The COVID-19 supplement of the 2020 US Renal Data System 2020 Annual Data Report provides important insights into dialysis and chronic kidney disease (CKD) during the COVID-19 pandemic. Key findings include 11,200 COVID-19 hospitalizations among Medicare beneficiaries during the first half of 2020, with the rate of COVID-19 hospitalizations being 3-4 times higher in hemodialysis compared with peritoneal dialysis patients. All-cause mortality was 37% higher during weeks 14-17 of 2020. A particularly important finding was a 20% decline in incident end-stage kidney disease (ESKD) cases, defined as dialysis initiations and preemptive kidney transplantations, during weeks 12-19 of 2020 compared with the corresponding period during 2017-2019.

What could explain a decline in new dialysis starts?
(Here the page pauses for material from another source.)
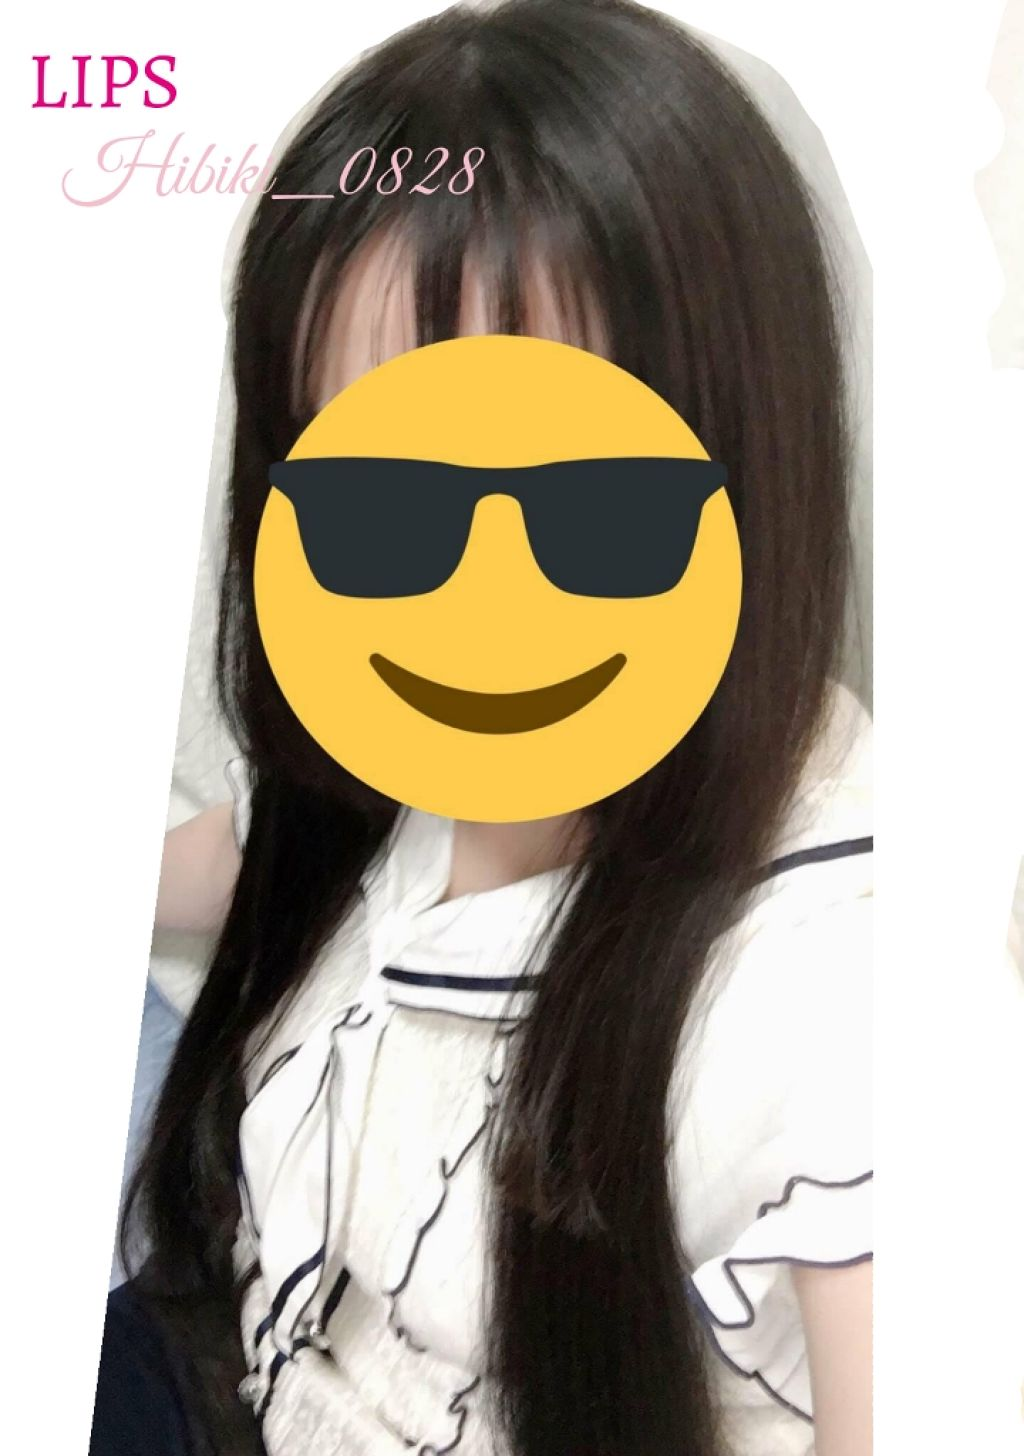 https://cdn.lipscosme.com/image/5f6784d07d91f258f5b7736e-1568903346-thumb.png

Did more patients die at home without receiving dialysis, or perhaps opt for conservative therapy with the possibility of choosing dialysis at a later time point? Or did a decreased frequency of clinic visits result in delayed estimated glomerular filtration rate (eGFR) determinations and a later start of dialysis?

As we attempt to explain the drop in dialysis initiation early in the pandemic, we might consider the possibility that the decline occurred in mildly symptomatic or asymptomatic patients who were not started on dialysis due to lack of eGFR determinations early in the pandemic. Examination of the age groups in which the decline occurred may help to zero in on the cause. It also is important to determine if patients started dialysis at a lower eGFR during this period and how this affected patient survival.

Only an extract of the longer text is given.